In the records below, count every line containing "Diamond". Reply with the number only.

Collected data
※ ※ ※

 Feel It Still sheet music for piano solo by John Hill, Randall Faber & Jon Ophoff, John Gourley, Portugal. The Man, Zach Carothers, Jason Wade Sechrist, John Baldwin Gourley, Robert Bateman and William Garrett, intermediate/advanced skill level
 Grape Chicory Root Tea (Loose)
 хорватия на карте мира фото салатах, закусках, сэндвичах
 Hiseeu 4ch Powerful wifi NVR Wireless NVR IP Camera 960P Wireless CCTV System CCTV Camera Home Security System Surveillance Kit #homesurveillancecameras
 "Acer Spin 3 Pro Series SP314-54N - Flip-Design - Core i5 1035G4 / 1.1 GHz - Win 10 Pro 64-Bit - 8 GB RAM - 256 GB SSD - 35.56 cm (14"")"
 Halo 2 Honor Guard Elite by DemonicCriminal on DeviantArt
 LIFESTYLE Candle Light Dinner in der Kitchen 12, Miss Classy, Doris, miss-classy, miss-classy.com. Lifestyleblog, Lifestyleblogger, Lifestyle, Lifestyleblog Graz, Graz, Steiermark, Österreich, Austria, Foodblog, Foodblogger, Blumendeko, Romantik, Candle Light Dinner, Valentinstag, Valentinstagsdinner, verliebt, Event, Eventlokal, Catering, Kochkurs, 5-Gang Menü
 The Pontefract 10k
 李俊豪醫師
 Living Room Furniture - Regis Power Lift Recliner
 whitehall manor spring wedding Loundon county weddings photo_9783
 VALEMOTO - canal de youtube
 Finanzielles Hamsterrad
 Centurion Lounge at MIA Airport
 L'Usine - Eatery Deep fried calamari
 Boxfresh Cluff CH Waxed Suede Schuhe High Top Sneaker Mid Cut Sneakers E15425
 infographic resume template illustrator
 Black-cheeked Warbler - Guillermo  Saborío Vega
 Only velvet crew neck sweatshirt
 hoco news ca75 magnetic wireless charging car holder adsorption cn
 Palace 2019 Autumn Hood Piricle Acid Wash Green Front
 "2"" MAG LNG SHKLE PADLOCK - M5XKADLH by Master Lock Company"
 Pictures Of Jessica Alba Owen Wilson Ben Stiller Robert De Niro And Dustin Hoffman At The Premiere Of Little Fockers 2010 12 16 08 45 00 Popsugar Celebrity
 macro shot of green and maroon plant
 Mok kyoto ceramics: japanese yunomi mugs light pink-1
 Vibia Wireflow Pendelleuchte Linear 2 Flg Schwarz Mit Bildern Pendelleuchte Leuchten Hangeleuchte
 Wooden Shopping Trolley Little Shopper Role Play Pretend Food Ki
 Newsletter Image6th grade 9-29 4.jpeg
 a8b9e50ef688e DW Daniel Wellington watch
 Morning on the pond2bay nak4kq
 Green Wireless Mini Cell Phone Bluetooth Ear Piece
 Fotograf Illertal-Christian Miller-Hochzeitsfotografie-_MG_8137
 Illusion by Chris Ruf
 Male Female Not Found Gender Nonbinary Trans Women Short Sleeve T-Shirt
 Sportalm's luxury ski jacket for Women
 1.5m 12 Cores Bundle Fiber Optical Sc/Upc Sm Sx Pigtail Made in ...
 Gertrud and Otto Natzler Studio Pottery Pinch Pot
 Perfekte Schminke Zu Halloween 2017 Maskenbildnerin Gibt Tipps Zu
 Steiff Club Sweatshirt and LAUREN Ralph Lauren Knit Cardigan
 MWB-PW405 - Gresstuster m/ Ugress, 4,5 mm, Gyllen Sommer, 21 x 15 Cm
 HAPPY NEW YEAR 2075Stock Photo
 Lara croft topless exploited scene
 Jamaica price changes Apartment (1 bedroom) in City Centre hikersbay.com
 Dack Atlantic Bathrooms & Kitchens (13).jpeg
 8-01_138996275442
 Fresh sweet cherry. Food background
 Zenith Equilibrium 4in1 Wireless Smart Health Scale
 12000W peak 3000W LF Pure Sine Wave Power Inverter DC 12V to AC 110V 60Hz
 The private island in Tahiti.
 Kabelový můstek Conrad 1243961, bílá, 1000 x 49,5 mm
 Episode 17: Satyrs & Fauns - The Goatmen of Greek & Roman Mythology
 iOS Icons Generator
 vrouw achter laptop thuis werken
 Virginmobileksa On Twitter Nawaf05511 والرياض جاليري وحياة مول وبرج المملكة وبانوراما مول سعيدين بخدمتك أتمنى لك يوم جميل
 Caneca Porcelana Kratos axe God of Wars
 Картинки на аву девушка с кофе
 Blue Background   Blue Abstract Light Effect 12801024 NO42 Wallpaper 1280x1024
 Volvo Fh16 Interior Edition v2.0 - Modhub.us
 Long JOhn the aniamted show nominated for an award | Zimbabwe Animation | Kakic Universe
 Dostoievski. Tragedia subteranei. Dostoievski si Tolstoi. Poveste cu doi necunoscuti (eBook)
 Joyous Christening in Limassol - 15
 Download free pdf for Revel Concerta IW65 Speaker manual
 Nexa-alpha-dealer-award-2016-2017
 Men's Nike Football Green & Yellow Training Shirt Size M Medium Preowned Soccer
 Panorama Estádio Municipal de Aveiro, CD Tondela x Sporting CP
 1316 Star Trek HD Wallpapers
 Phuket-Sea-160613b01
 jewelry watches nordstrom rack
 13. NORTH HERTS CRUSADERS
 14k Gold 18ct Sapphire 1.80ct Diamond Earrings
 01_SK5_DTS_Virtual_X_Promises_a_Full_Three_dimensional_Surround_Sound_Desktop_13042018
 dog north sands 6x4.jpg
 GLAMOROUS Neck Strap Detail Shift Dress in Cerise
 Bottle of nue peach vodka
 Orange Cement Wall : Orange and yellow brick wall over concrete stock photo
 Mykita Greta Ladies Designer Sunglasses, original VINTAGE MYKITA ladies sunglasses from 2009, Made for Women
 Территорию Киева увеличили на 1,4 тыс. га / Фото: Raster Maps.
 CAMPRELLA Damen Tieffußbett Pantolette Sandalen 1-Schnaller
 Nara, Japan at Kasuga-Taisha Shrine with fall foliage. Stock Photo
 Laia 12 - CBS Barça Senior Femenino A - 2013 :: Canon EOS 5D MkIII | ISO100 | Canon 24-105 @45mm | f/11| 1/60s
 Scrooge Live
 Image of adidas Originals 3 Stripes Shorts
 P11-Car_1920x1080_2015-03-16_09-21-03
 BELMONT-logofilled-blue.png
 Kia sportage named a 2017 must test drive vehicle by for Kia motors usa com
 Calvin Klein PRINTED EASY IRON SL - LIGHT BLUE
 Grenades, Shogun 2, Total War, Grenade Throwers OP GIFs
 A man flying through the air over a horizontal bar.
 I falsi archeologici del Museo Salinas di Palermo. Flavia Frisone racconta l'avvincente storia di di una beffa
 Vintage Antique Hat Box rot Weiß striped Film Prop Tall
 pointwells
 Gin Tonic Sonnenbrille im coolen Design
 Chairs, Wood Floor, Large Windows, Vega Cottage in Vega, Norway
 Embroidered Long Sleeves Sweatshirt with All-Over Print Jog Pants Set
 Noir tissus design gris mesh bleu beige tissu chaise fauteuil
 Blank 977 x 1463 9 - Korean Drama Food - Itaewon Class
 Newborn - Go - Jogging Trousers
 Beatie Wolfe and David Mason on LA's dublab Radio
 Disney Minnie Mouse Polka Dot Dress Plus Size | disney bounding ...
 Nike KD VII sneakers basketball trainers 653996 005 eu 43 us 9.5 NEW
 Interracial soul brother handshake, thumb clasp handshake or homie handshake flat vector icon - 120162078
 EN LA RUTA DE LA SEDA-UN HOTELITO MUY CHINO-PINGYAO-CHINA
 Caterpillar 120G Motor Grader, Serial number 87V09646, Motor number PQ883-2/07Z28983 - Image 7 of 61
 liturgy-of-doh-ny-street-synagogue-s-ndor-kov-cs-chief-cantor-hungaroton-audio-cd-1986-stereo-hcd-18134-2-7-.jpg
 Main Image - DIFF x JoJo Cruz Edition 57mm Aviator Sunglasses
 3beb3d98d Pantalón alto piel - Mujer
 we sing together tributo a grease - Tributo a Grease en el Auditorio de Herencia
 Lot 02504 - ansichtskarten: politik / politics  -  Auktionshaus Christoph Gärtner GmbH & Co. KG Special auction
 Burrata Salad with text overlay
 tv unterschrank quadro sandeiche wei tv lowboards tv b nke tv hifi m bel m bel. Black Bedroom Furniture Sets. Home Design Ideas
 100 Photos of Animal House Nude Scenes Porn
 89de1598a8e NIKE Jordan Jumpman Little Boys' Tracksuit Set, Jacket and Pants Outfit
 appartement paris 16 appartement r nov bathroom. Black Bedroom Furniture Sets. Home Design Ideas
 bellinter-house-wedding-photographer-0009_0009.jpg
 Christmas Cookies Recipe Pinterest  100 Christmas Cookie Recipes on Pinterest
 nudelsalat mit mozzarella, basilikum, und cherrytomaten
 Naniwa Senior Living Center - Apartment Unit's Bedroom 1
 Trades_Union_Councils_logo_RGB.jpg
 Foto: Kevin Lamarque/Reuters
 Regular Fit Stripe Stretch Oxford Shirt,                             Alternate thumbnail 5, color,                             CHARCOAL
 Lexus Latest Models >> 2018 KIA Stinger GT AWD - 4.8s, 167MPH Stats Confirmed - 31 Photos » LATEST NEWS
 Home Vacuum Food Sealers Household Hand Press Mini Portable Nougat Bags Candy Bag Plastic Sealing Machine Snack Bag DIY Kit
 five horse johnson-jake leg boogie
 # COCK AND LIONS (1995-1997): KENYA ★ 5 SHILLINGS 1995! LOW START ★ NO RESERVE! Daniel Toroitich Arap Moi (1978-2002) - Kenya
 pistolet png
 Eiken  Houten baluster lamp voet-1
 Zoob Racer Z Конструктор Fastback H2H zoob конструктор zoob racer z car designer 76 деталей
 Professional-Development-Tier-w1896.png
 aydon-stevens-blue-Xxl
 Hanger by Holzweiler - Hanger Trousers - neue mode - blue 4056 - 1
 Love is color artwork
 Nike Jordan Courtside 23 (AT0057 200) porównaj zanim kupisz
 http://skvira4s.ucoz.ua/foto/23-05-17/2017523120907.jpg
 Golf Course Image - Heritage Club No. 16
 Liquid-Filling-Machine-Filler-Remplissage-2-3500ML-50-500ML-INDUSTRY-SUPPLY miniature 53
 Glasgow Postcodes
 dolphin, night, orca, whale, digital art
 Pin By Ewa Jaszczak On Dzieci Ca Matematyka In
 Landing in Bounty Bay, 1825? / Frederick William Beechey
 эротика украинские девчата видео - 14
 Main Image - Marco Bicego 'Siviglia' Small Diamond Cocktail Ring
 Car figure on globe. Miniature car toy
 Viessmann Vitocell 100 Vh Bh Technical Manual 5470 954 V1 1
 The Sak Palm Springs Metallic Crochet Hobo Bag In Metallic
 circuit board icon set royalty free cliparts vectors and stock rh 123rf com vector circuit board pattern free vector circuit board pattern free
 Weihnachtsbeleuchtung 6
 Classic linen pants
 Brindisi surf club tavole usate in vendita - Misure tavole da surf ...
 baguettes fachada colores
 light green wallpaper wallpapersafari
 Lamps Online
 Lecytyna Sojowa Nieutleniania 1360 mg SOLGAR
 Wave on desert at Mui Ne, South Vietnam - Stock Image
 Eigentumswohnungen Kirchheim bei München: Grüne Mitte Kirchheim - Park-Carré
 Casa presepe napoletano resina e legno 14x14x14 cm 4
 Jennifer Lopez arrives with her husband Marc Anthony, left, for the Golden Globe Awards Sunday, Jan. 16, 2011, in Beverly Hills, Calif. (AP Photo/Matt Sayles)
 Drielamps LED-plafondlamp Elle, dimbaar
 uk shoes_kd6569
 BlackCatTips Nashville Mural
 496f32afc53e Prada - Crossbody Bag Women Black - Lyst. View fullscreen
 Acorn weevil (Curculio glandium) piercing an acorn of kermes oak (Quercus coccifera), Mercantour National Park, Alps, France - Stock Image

※ ※ ※

■ **Task solution**: 2